**Data excerpt:**
* * *

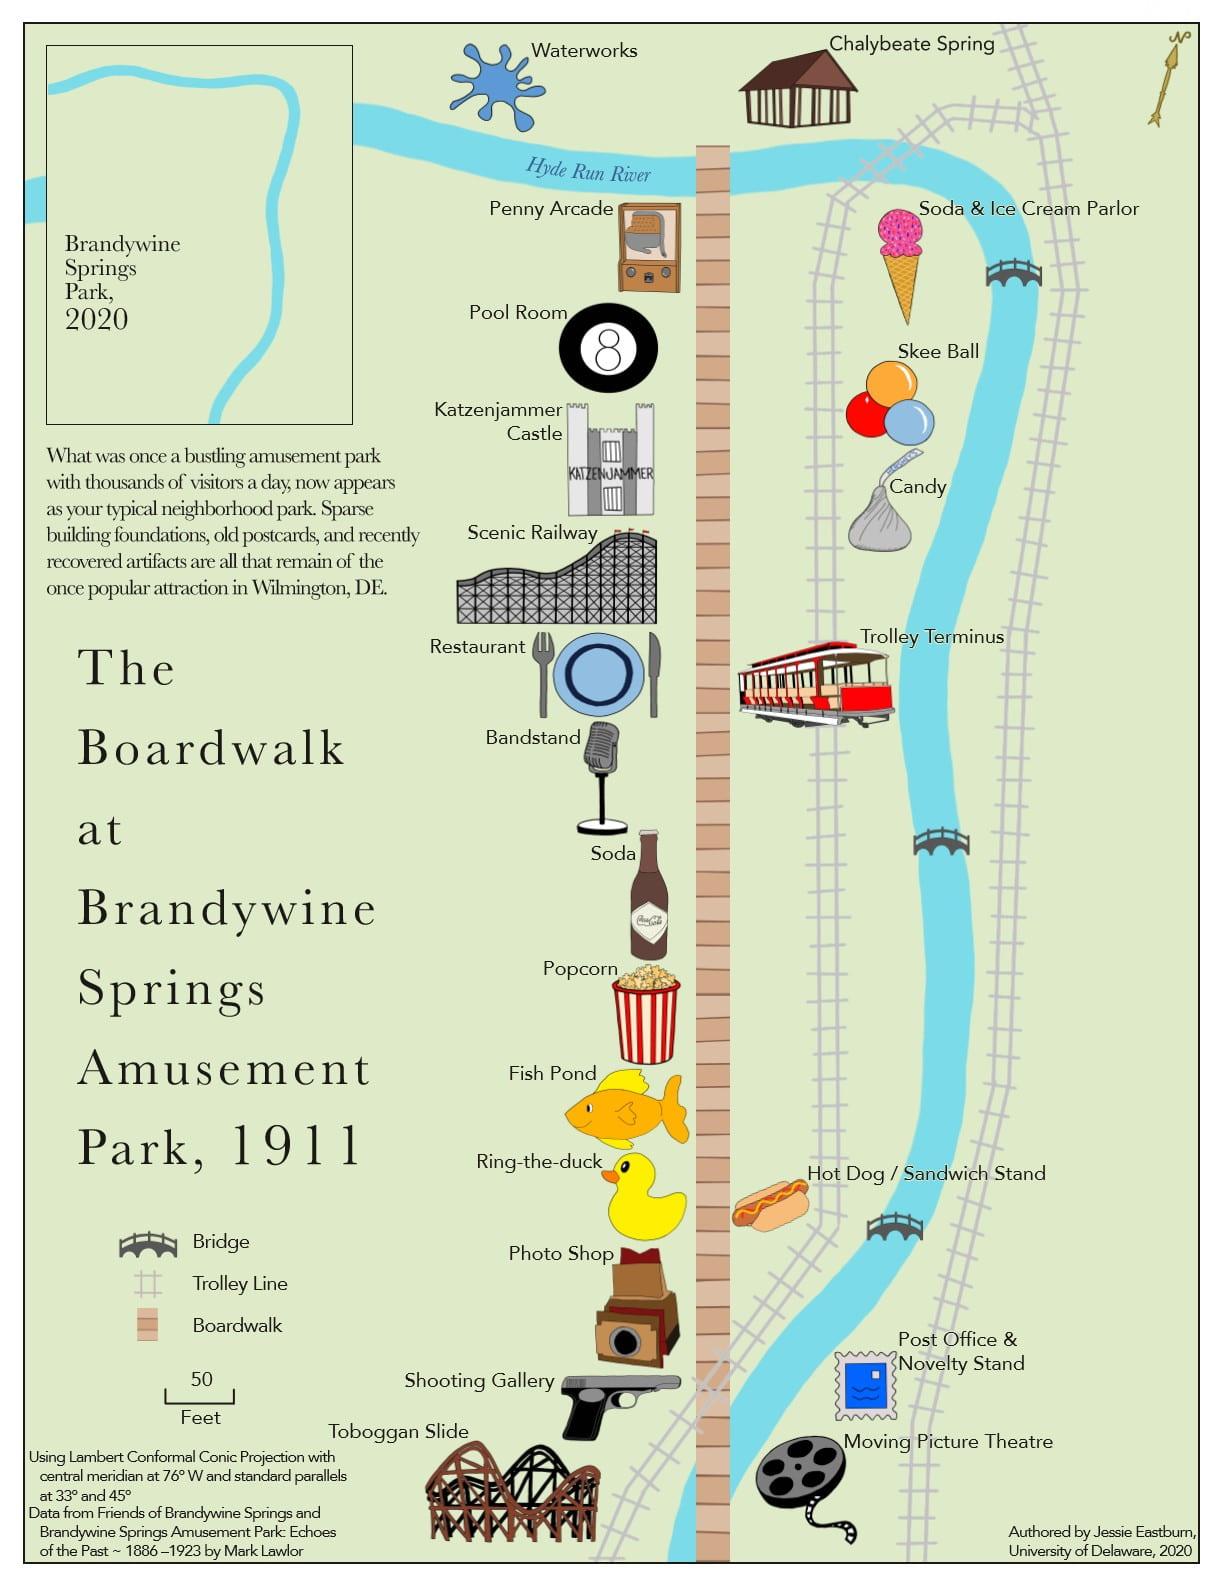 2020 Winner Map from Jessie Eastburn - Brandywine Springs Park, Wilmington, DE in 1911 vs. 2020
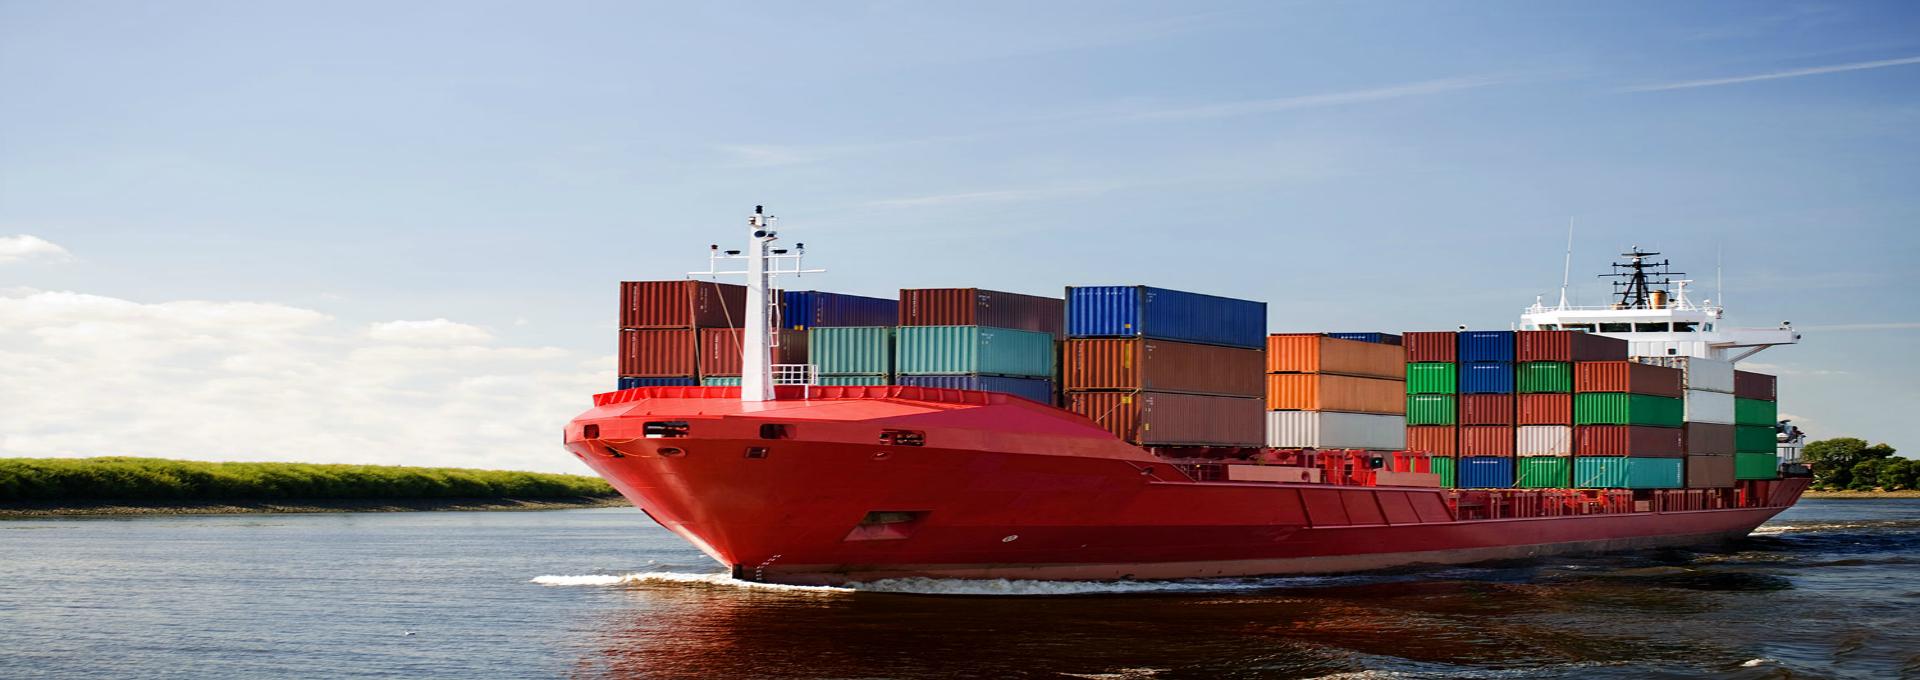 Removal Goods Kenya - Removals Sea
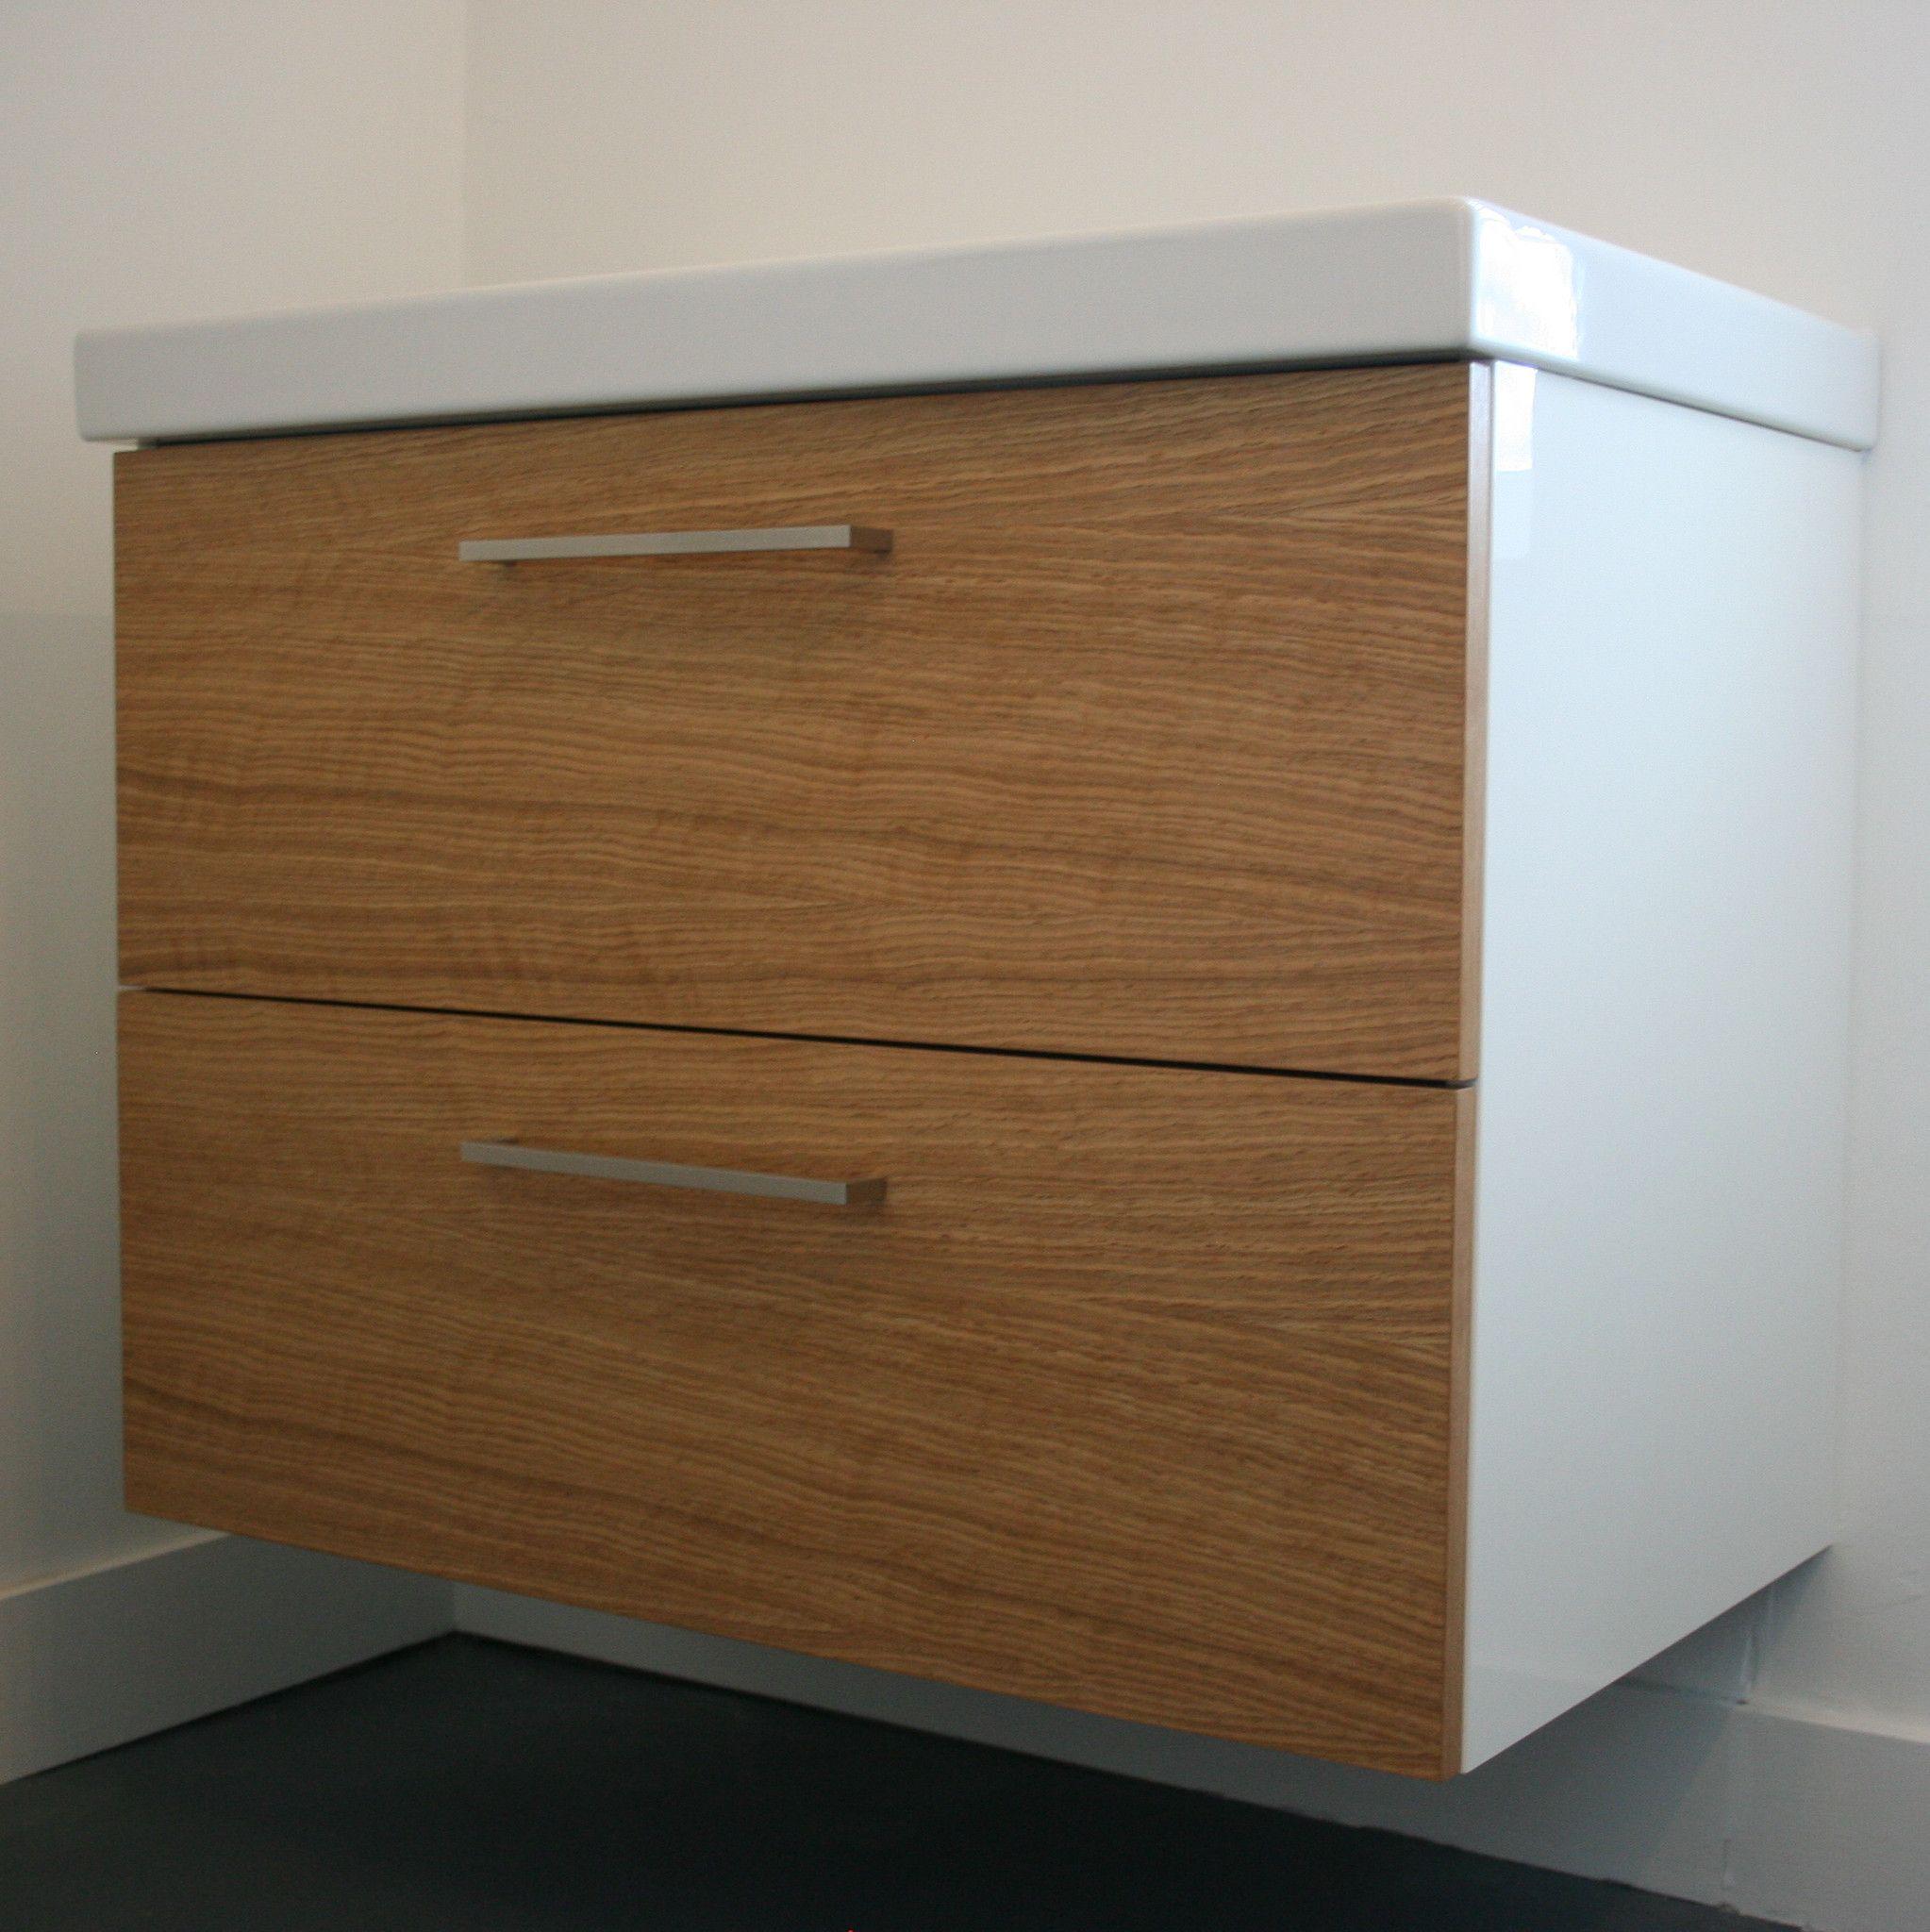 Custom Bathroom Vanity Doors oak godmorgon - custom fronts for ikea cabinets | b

* * *

**Exercise objective:** None of the pictures should be kept; reproduce all the remaining material exactly.

**Reply:**
 2020 Winner Map from Jessie Eastburn - Brandywine Springs Park, Wilmington, DE in 1911 vs. 2020
 Removal Goods Kenya - Removals Sea
 Custom Bathroom Vanity Doors oak godmorgon - custom fronts for ikea cabinets | b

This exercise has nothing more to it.